Elon Musk accuses BBC reporter of lying over rise in Twitter hate speech

Twitter owner Elon Musk recently sat down with BBC tech correspondent James Clayton to discuss his stewardship of Twitter
By Thomas Brooke
4 Min Read

Twitter owner Elon Musk has accused a BBC journalist of lying after the journo claimed there has been a rise in hateful content on the platform since Musk took over but failed to provide even one example.

In an interview with BBC correspondent James Clayton, it was put to Musk that “hateful speech” had become more prominent on Twitter under his stewardship.

“We’ve spoken to people very recently who were involved in moderation and they just say there’s not enough people to police this stuff, particularly around hate speech in the company. Is that something that you want to address?” Clayton asked.

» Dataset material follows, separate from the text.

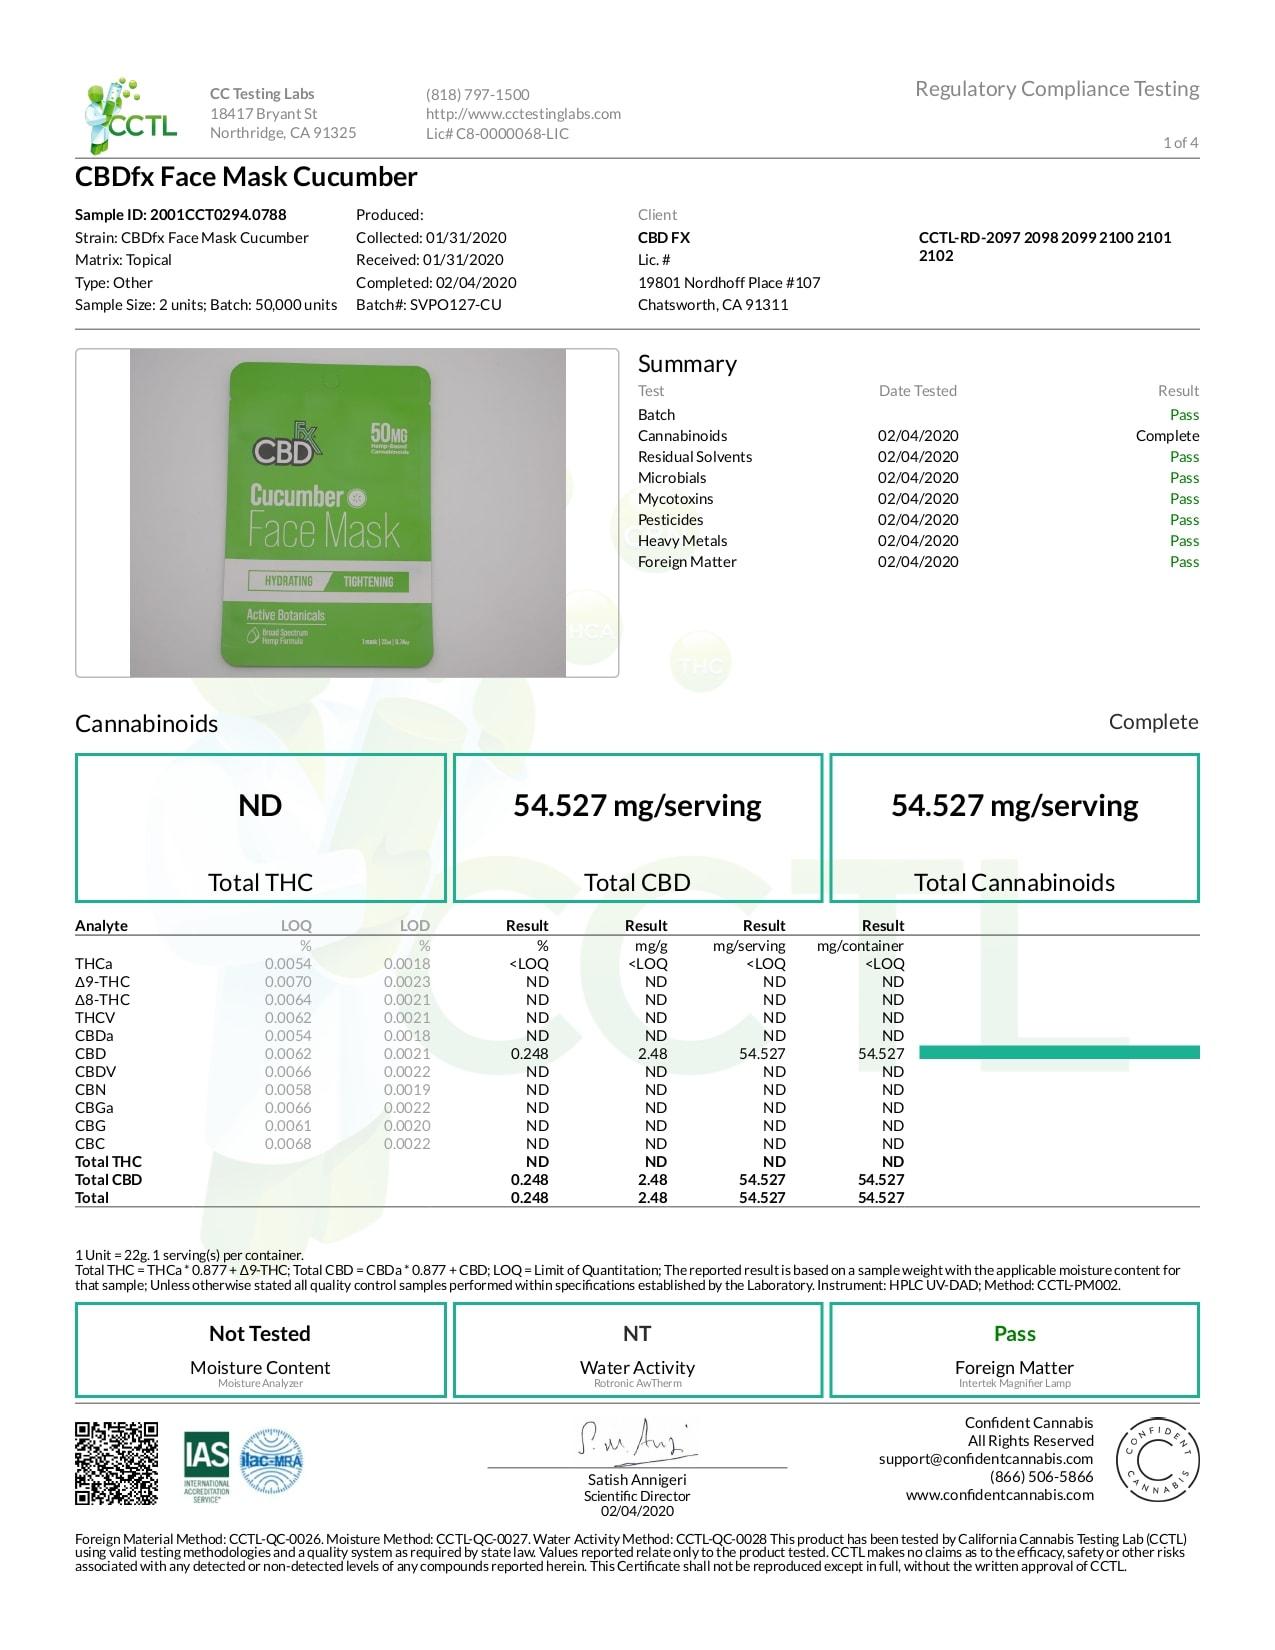 CBDfx CBD Cucumber Face Mask Lab Report Broad Spectrum 50mg
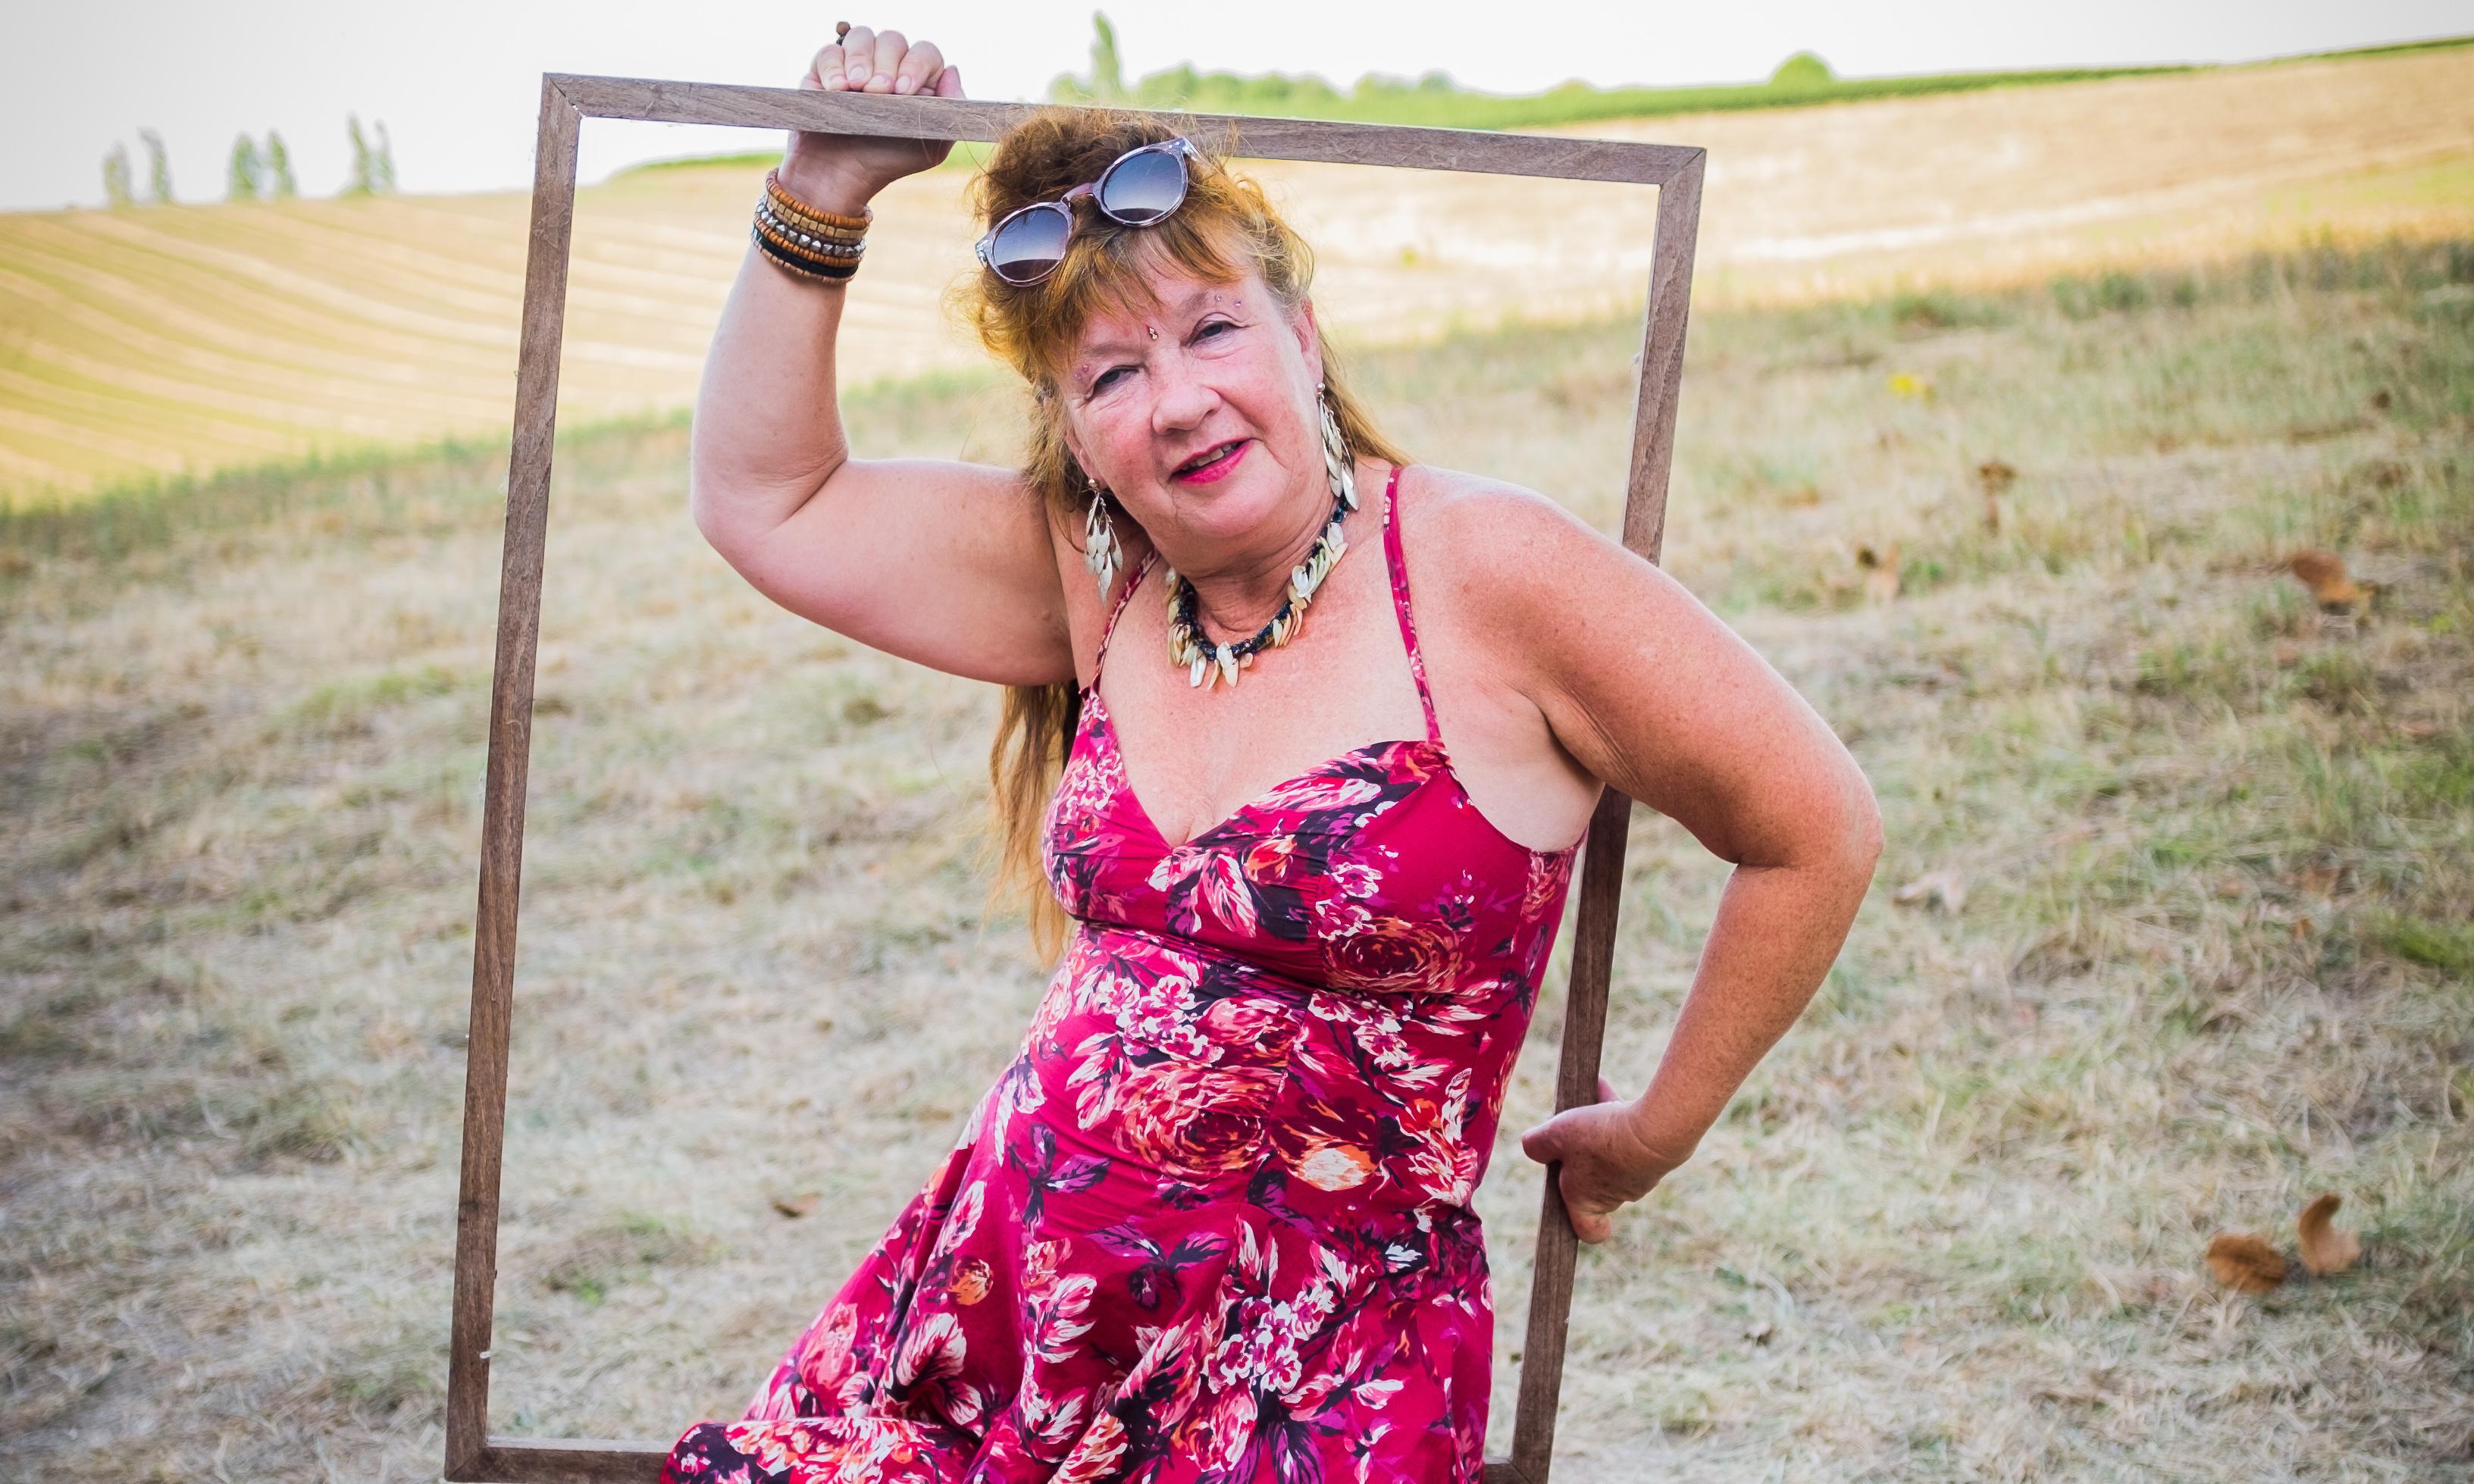 I am a woman in my 60s – that doesn't make me a granny

“What hate speech are you talking about? I mean, you use Twitter. Do you see a rise in hate speech? Just a personal anecdote? I don’t,” the U.S. billionaire replied.

“Personally, for you, I would say I get more of that kind of content, yeah, personally. But I’m not going to talk for the rest of Twitter,” Clayton responded.

Musk questioned what the BBC correspondent regarded as “hateful,” and asked for any examples of the content he was talking about.

“Well, yeah, you know, content that would solicit a reaction, something that is slightly racist, slightly sexist,” Clayton replied, prompting Musk to ask him whether something that is “slightly sexist” constitutes hate speech and should therefore be banned.

“I’m not saying anything,” the BBC reporter replied.

“I’m just curious, I’m trying to understand what you mean by hateful content, and I’m asking for specific examples. You’ve just said that something is slightly sexist, that’s hateful content. Does that mean that should be banned?” Musk asked.

“You’ve asked me whether my feed has got less or more, I’d say it’s got slightly more,” replied the journalist, prompting Musk to again ask for an example.

“That’s why I’m asking for examples. Can you name one example?”

“Honestly, I don’t… I don’t actually use that feed anymore because I just don’t particularly like it. And actually a lot of people are quite similar. I only look at my followers,” Clayton said.

“I say, sir, that you don’t know what you’re talking about,” Musk replied. “You cannot give me a single example of hateful content, not even one tweet. And yet you claimed that hateful content was high. That is false, you just lied,” the Twitter owner added.

The red-faced BBC journalist eventually suggested the interview move on to another topic, citing time pressures.

The 90-minute exchange also covered the BBC’s recent displeasure with Twitter for branding some of its affiliated accounts with a disclaimer describing the organization as “government funded media,” a move Musk agreed to row back on and amend to “publicly funded.”

“We want it to be as truthful and accurate as possible – we’re adjusting the label,” Musk stated.